Materials and methods

SPECT/CT imaging

A SPECT/CT combined scanner with four detectors dedicated for small animal imaging (NanoSPECT/CT; Bioscan Inc., Washington, DC, USA) was used to acquire sectional images. Each detector was equipped with tungsten-based multiplexing nine-pinhole collimators with diameters of 1.0 or 1.4 mm and a cylindrical field of view (FOV) of 30 × 16 mm (diameter × length). The axial FOV was extended using a step-and-shoot helical SPECT with a user-definable range up to 230 mm, depending on the imaging region. The energy peaks for the camera were set to 171 and 245 keV, and the energy window was set to the peak energy ±10%. CT scans were performed with the following conditions: tube voltage, 45 kV; tube current, 177 μA; and tube current–time product (the product of the tube current and scan time), 32 mAs. CT and SPECT reconstruction was performed using InVivoScope software (Bioscan). CT images were reconstructed with the standard resolution, and SPECT image data were reconstructed by an ordered subset expectation maximization iterative algorithm dedicated for multiplexing multi-pinhole reconstruction. Three operator-dependent parameters were used during the reconstruction of the SPECT image data. They were noise suppression (low, middle, and high), voxel size (fast 0.4 mm; standard 0.3 mm; and fine 0.2 mm), and a reconstruction setting for the iteration/subset number (fast, standard, and fine). The following two sets of reconstruction parameters (conditions A and B) were used in this study. For noise suppression, voxel size, and reconstruction setting, the values were low (25% of voxel size), fine, and fine for condition A, respectively, and middle (35%), standard, and standard for condition B, respectively. The SPECT/CT fusion images were obtained using the automatic fusion software installed on the scanner.

Phantom studies

System performance evaluation by measurement of the spatial resolution and sensitivity of the SPECT scanner

A Jaszczak phantom with hot rods ranging in diameter from 1.0 to 1.5 mm (Bioscan), which was filled with 100 MBq (50 MBq/mL) of 111InCl3 solution (kind gift by Nihon Medi-Physics, Tokyo, Japan), was imaged according to the procedure described above, using the SPECT scanner equipped with 1.0- and 1.4-mm diameter pinhole apertures. Projection image data were acquired in the step-and-shoot mode from 128 directions over 360° covered by four detectors (32 directions × 4 detectors). The total acquisition count was set at 300 Mcounts. Consequently, the total acquisition time was several hours. The acquired image data were reconstructed using conditions A and B mentioned above. The reconstructed sectional images were evaluated on the basis of count profile curve methods. When the smallest count in the intercolumn space was lower than 50% of the maximum count of the columns, we judged that the columns were separately imaged. Additionally, the smallest diameter at which each column was separately imaged was defined as the spatial resolution. The sensitivity of each aperture for 111In was measured using an 111In point source. Three MBq of 111In was absorbed into a 0.15- to 0.30-mm resin bead, which was placed at the center of the FOV and imaged from 128 (32 × 4) projections with an acquisition time of 30 s per projection. Sensitivity was calculated by dividing the acquired counts per second (cps) by the radioactivity of the point source (Bq). The acquisition was repeated three times.

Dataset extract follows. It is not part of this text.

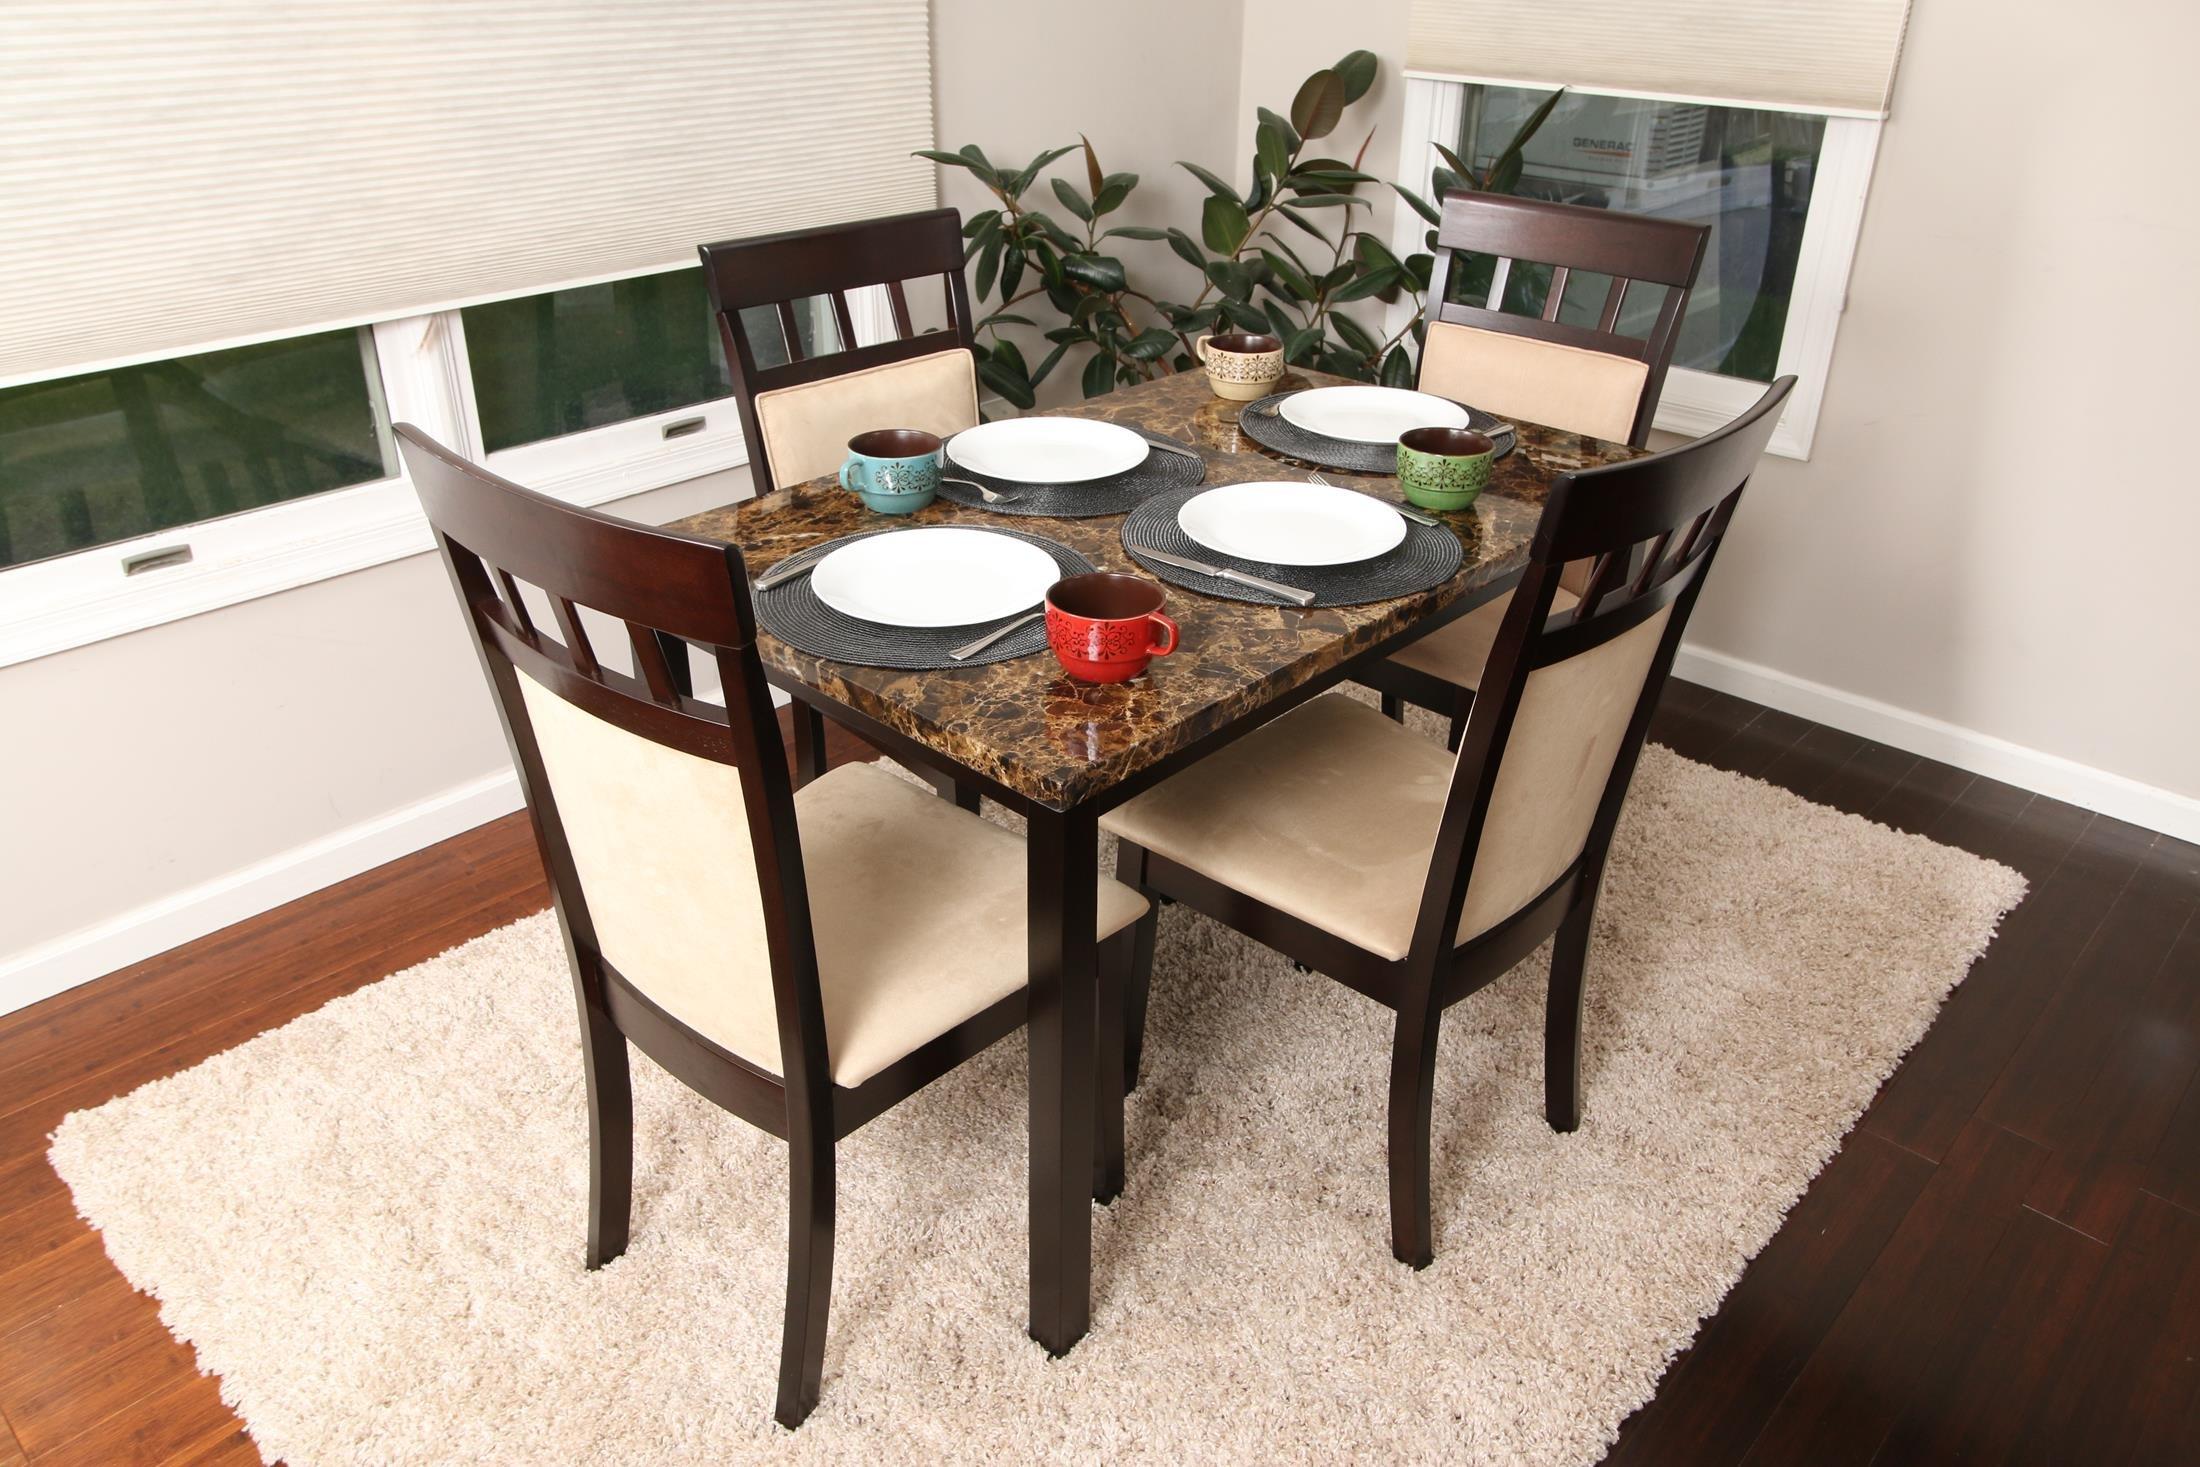 4789e04fa24 5 PC Thick Marble Espresso Brown 4 Person Table and Chairs Brown Dining  Dinette - Espresso

Measurement of the SPECT image spatial resolution under the conditions simulated conditions of small animal imaging

For simulation of actual in vivo animal imaging, a Jaszczak phantom with rods of 1.0- to 1.5-mm diameter was filled with 10 MBq (5 MBq/mL) of 111InCl3 solution. SPECT image data were acquired in the similar manner to mentioned above, except projection numbers, that is, 24 projections over 360° covered by four detectors (6 × 4). The total acquisition time was set as 5–120 min. The obtained image data were reconstructed in the same manner as described above.

Evaluation of the lower limit for visualization and quantitative linearity of the SPECT images

Six 1-mL plastic syringes with an inner diameter of 4.3 mm were filled with 111InCl3 solution with a concentration between 0 and 5.0 MBq/mL, and the image data were acquired in the same manner as above from 24 (6 × 4) views with 300 s per projection, consequently a total acquisition time was 30 min. The acquired image data were reconstructed using condition B. Regions of interest (ROIs) of the same size were placed on each syringe based on the superimposed CT images, and the radioactivity of each ROI was measured (SPECT value).

Animal studies

Chemicals

Distearoylphosphatidylcholine (DSPC; Coatsome MC-8080) and cholesterol were purchased from NOF Corporation (Tokyo, Japan). Diethylenetriaminepentaacetic acid (DTPA) and 8-hydroxyquinoline were purchased from Wako Pure Chemicals (Osaka, Japan). Isoflurane was purchased from Abbott Japan (Tokyo, Japan). All other chemicals were purchased from Wako Pure Chemicals or Sigma-Aldrich Japan (Tokyo, Japan).

Animals

Male ddY mice were obtained from Japan SLC Inc. (Hamamatsu, Japan). The animals were kept at 12/12-h dark–light cycles and were fed ad libitum. Sarcoma 180 tumor cells (2 × 106 cells/mouse) were subcutaneously transplanted into the left hind leg of 6- to 7-week-old mice. When the tumor weighed between 0.3 and 1.0 g, the mice were used for the experiments. All procedures were performed in accordance with the Guidelines of the Animal Care and Use Committee of the National Cancer Center.

Preparation of 111In-labeled liposomes at high concentration

Liposomes were composed of DSPC and cholesterol at a molar ratio of 2:1 and prepared by a lipid film hydration-extrusion method [15]. In brief, the dried films were dispersed in 10 mM DTPA in 50 mM HEPES/5% mannitol buffer, pH 7.4, at 60°C and then repeatedly extruded through polycarbonate membrane filters (0.2-, 0.1-, and 0.05-μm pore sizes) to adjust their diameters to about 100 nm. The extra chelating ligands were removed by passage through a Sephadex G-50 (GE Healthcare Japan Ltd., Tokyo, Japan) column. The phospholipid concentration was measured by phosphate assay. The liposomes were then labeled with 111In. To achieve a very high level of specific radioactivity, a remote loading method was used [16]; specifically, 111In was loaded inside the liposomes through the liposomal membranes by transchelation between the lipophilic oxine and hydrophilic DTPA ligands.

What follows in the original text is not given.